▶ **Problem**
Below are records; the lines starting at the one with "Ponožky sportovní Voxx" and ending at the one with "2003 Saint Vincent" must be reproduced exactly, both included. Pictures must not appear.

▶ **Dataset records**
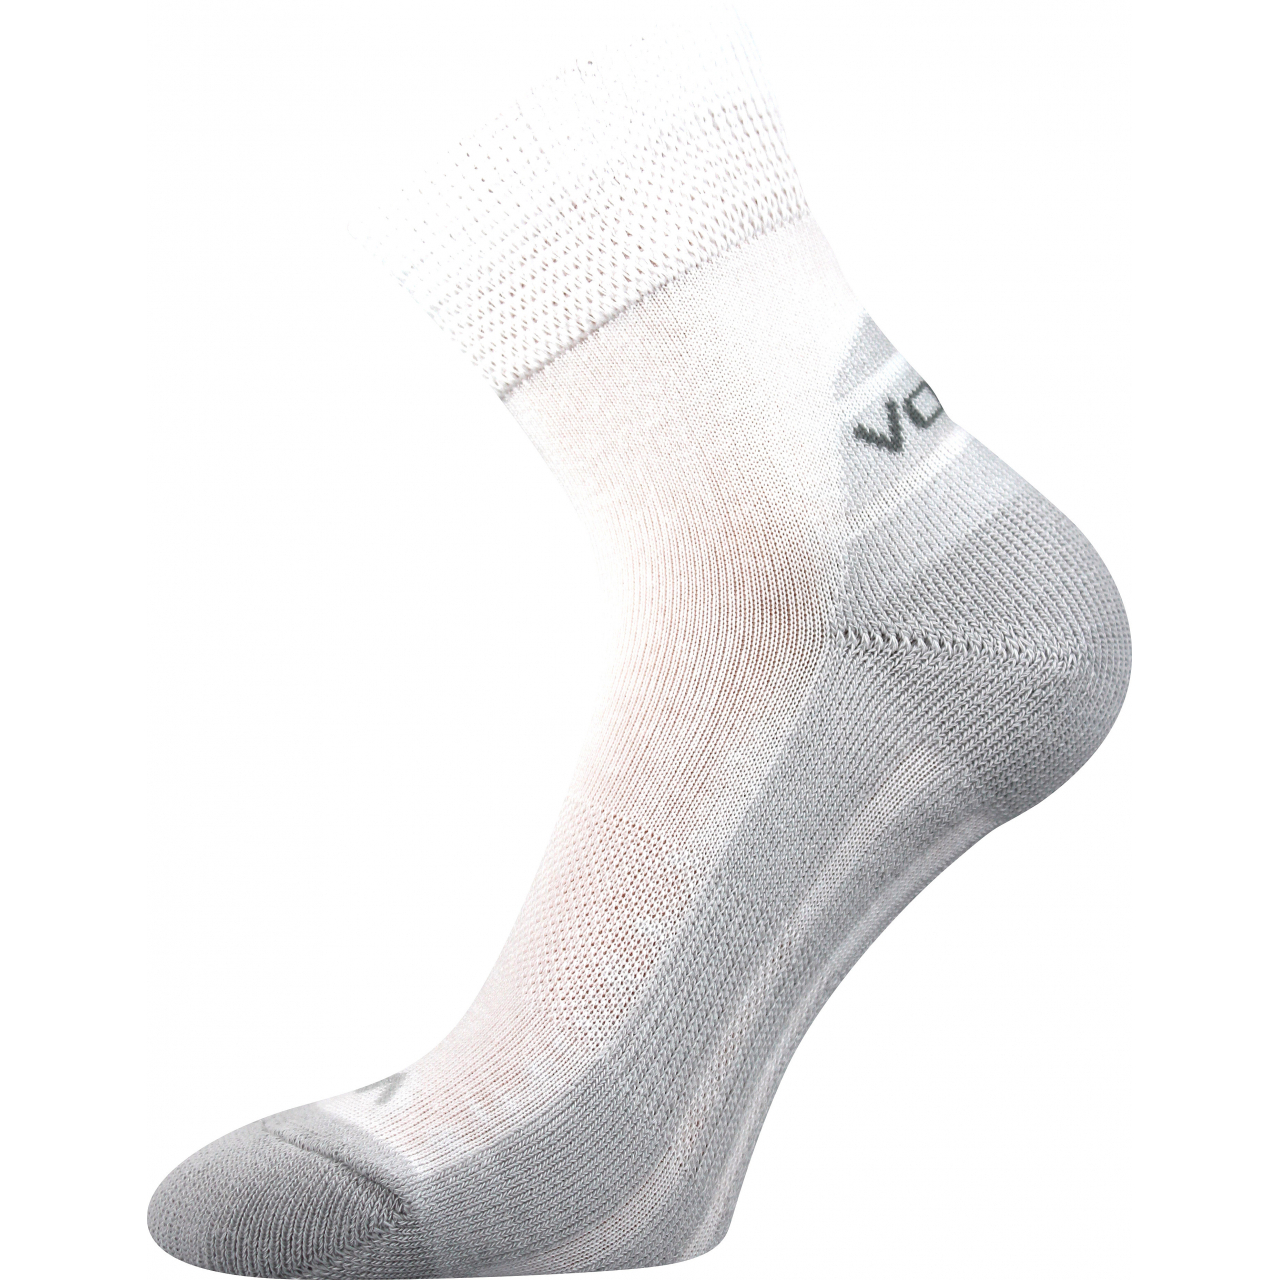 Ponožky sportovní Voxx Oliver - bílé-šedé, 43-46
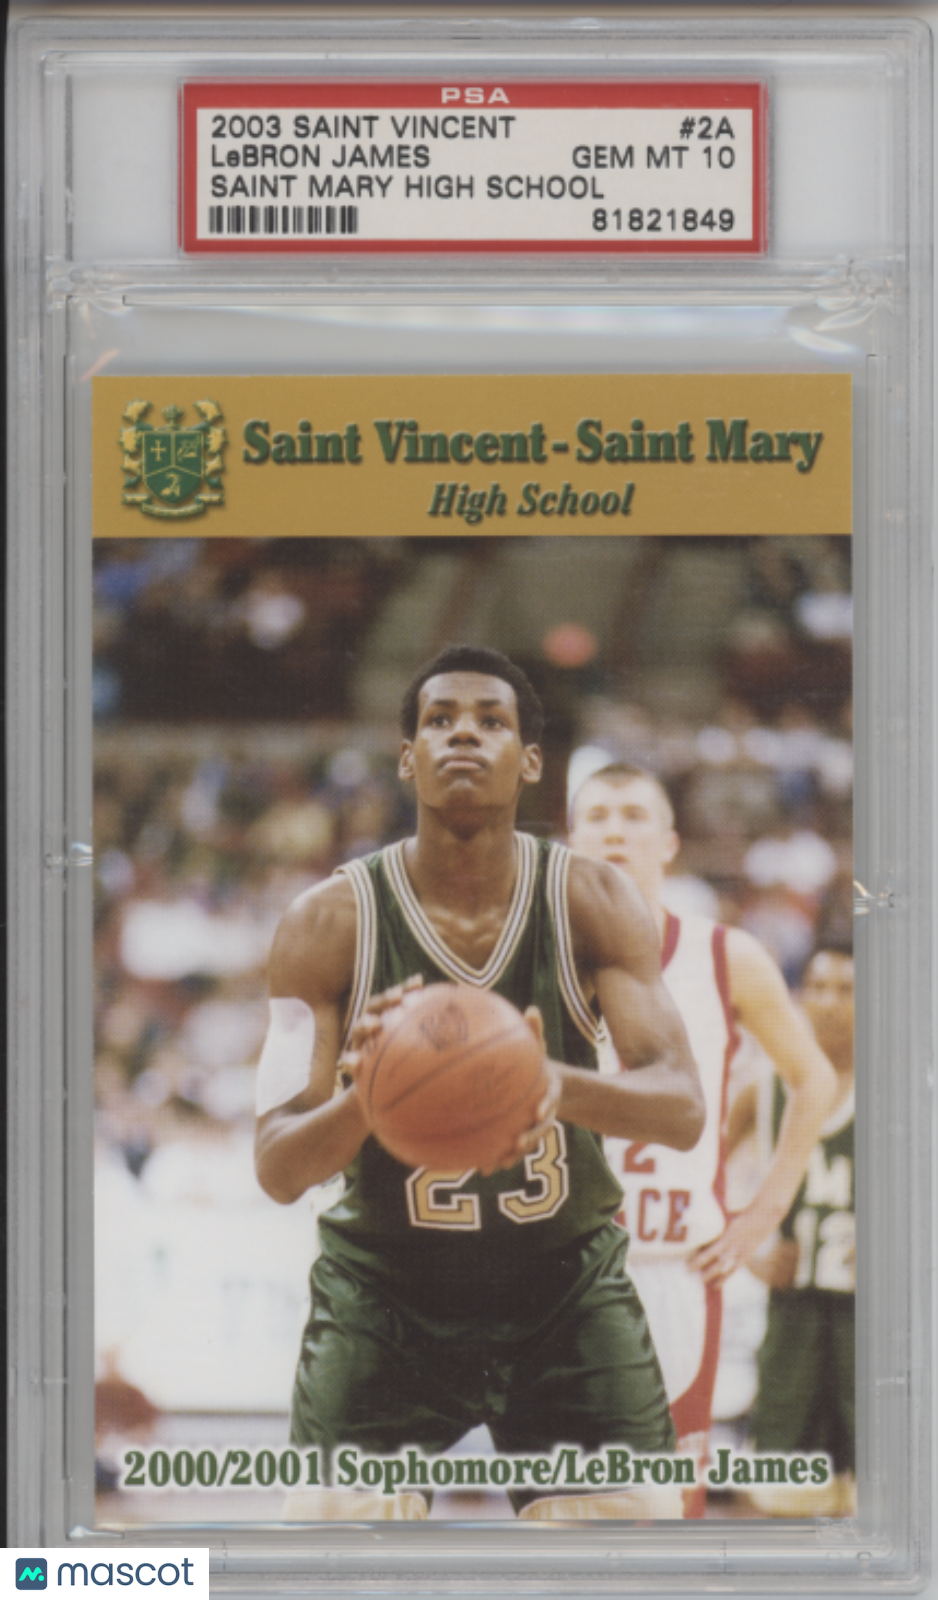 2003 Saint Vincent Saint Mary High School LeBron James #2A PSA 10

...

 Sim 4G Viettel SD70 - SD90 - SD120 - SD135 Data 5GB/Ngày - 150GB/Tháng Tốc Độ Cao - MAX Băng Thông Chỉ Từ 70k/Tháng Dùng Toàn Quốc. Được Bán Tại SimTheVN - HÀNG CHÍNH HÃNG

▶ **Expected answer**
 Ponožky sportovní Voxx Oliver - bílé-šedé, 43-46
 2003 Saint Vincent Saint Mary High School LeBron James #2A PSA 10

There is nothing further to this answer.